Soucieux de développer leurs affaires et de concurrencer les Portugais, les Hollandais (Orandajin) surent tirer profit de cette période troublée : malgré la politique officielle de Tokugawa, opposé à toute influence étrangère, ils s'attirèrent les bonnes faveurs du pouvoir en ne s'intéressant qu'au commerce, allant jusqu'à ouvrir le feu sur les chrétiens lors de la rébellion de Shimabara, pour venir en aide au shōgun. Ainsi, en 1641, alors que les Portugais étaient définitivement expulsés, l'îlot artificiel de Dejima (dans la baie de Nagasaki) fut concédé à la Compagnie néerlandaise des Indes orientales comme base de commerce (cette présence dans la région est aujourd'hui commémorée via le site de Dejima qui, s'il n'est plus une île, est un musée à ciel ouvert, ou encore le site de Huis Ten Bosch, un parc à thème un peu incongru, au nord de Nagasaki, recréant les Pays-Bas à l'aide de copies grandeur nature de vieux bâtiments néerlandais). De cette date à la moitié du XIXème siècle (avant le débarquement du commodore Matthew Perry), cet endroit fut le seul contact du Japon avec le monde extérieur (depuis le XIXème siècle, le nom de sakoku a été donné à cette longue période de politique isolationniste de l'ère Edo / Tokugawa, initiée par Tokugawa Iemitsu). En 1859, Nagasaki put devenir un port libre, et la Restauration Meiji (1868 – 1912) lui permit de rapidement se tailler une réputation de place forte économique (notamment grâce aux chantiers navals).

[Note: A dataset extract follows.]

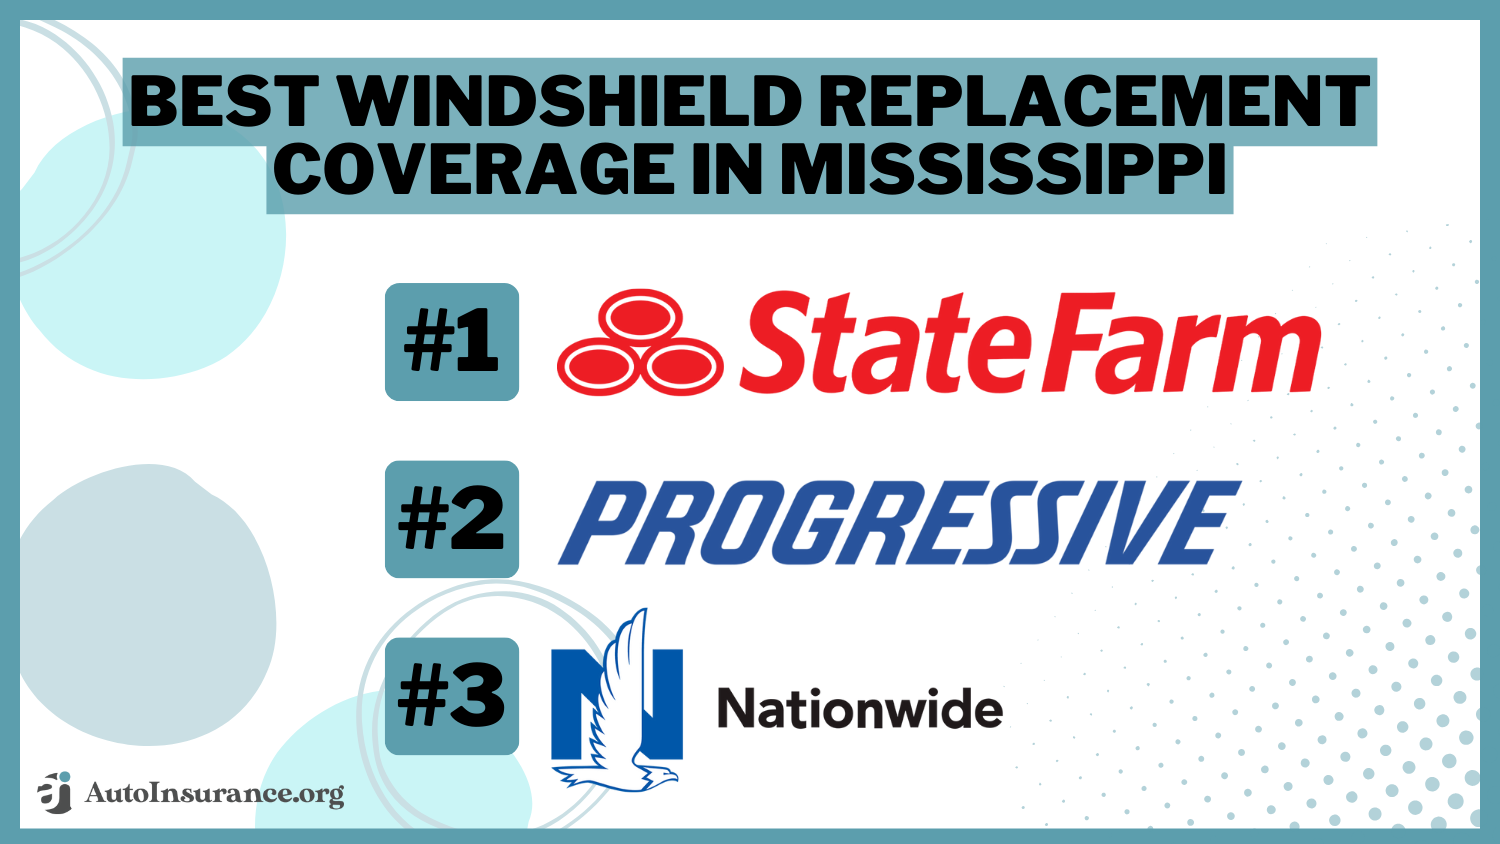 best windshield replacement coverage in Mississippi: State Farm, Progressive, Nationwide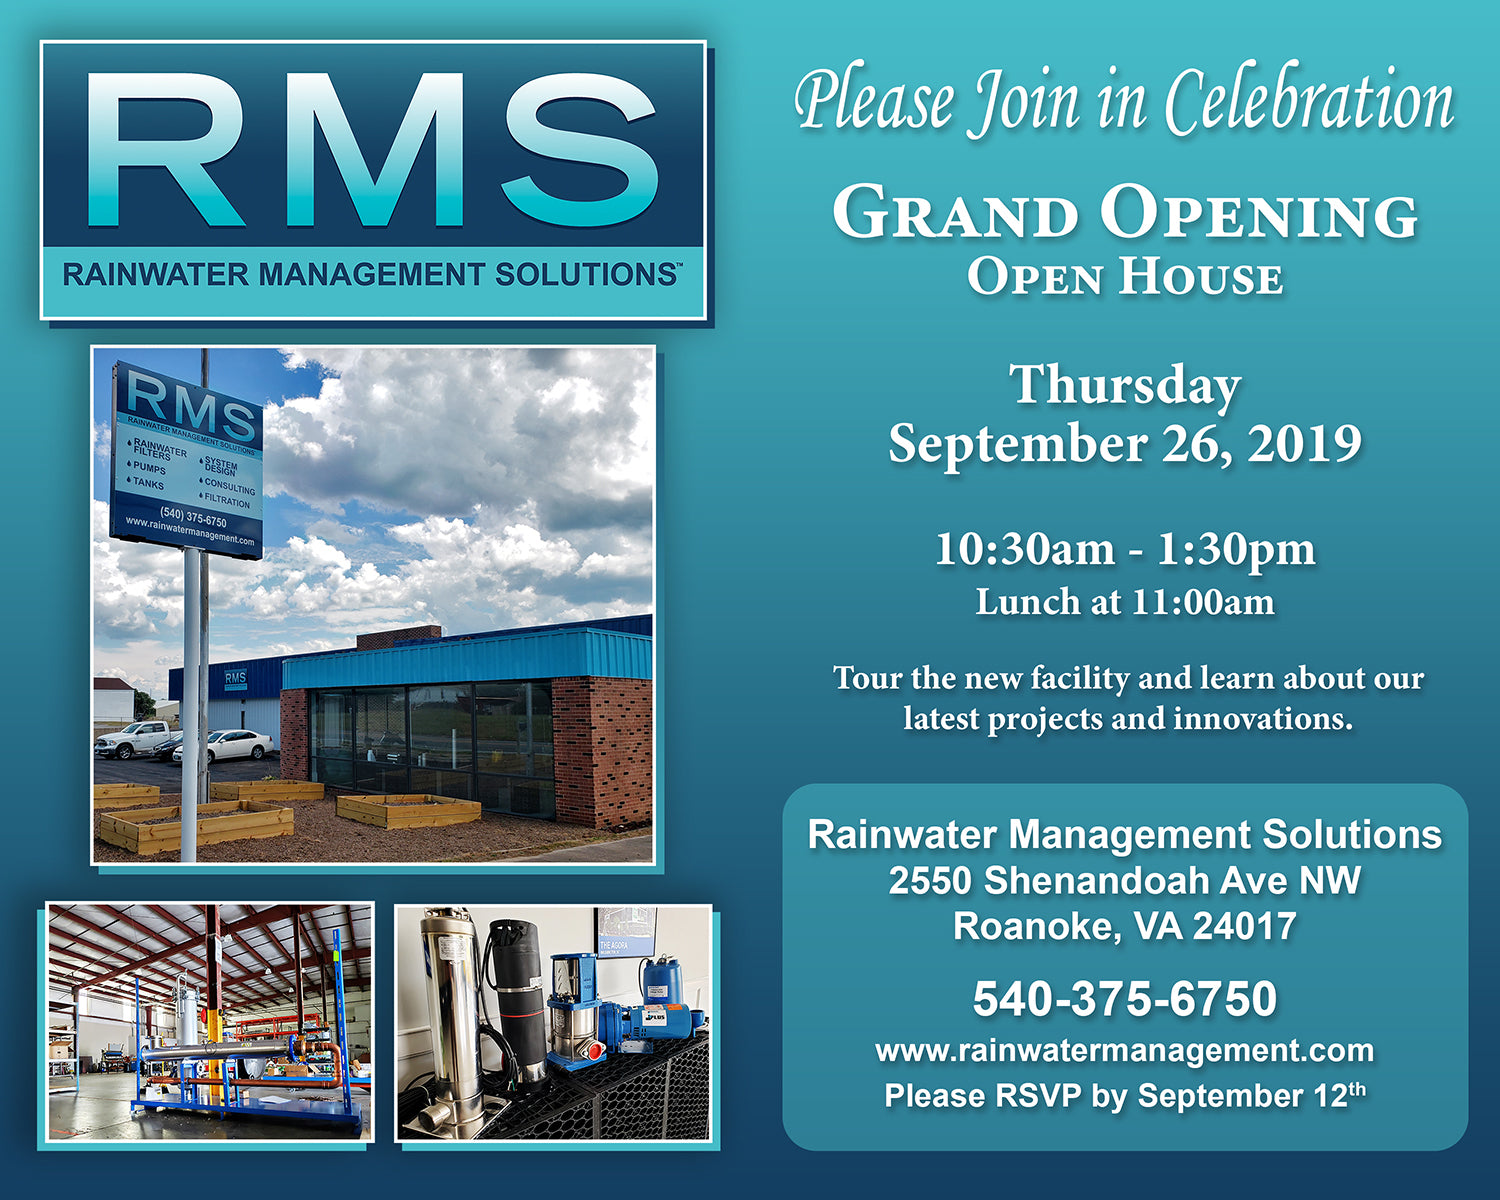 Rainwater Management Solutions Grand Opening and Open House

Cette maison de bois occidentale de l'ère Meiji (1868 - 1912), exemple typique de l'architecture du quartier Higashiyamatemachi, fut un temps occupée par le Consulat de France à Nagasaki
Suite à cette réouverture au monde, à la fin du XIXème siècle, la ville vit affluer de nombreux Européens en quête d'exotisme. Deux œuvres célèbres, prenant comme décor la cité, ont d'ailleurs immortalisé les amours passagères d'Occidentaux avec des Japonaises : le roman « Madame Chrysanthème », de Pierre Loti, et l'opéra « Madama Butterfly », de Giacomo Puccini.
Vue vers le sud-ouest depuis le Mont Inasa : la péninsule de Nagasaki, les îles Takashima, Okinoshima, Iōjima
Nagasaki, symbole de l'horreur nucléaire
C'est le 9 août 1945, à 11h02 précisément, que le destin de la ville changea à tout jamais. Trois jours après l'explosion nucléaire au-dessus d'Hiroshima, Nagasaki, alors très active dans l'industrie nipponne de l'armement, fut touchée à son tour. Mais cette tragédie intervint presque par hasard. En effet, un ciel nuageux réduisait fortement la visibilité au-dessus de Kokura (le principal quartier de l'actuelle Kitakyūshū), la cible initialement prévue. Le pilote du bombardier B-29 américain « Bockscar », parti de Tinian (îles Mariannes du Nord), n'eut alors pas d'autre choix que de se détourner sur un objectif subsidiaire.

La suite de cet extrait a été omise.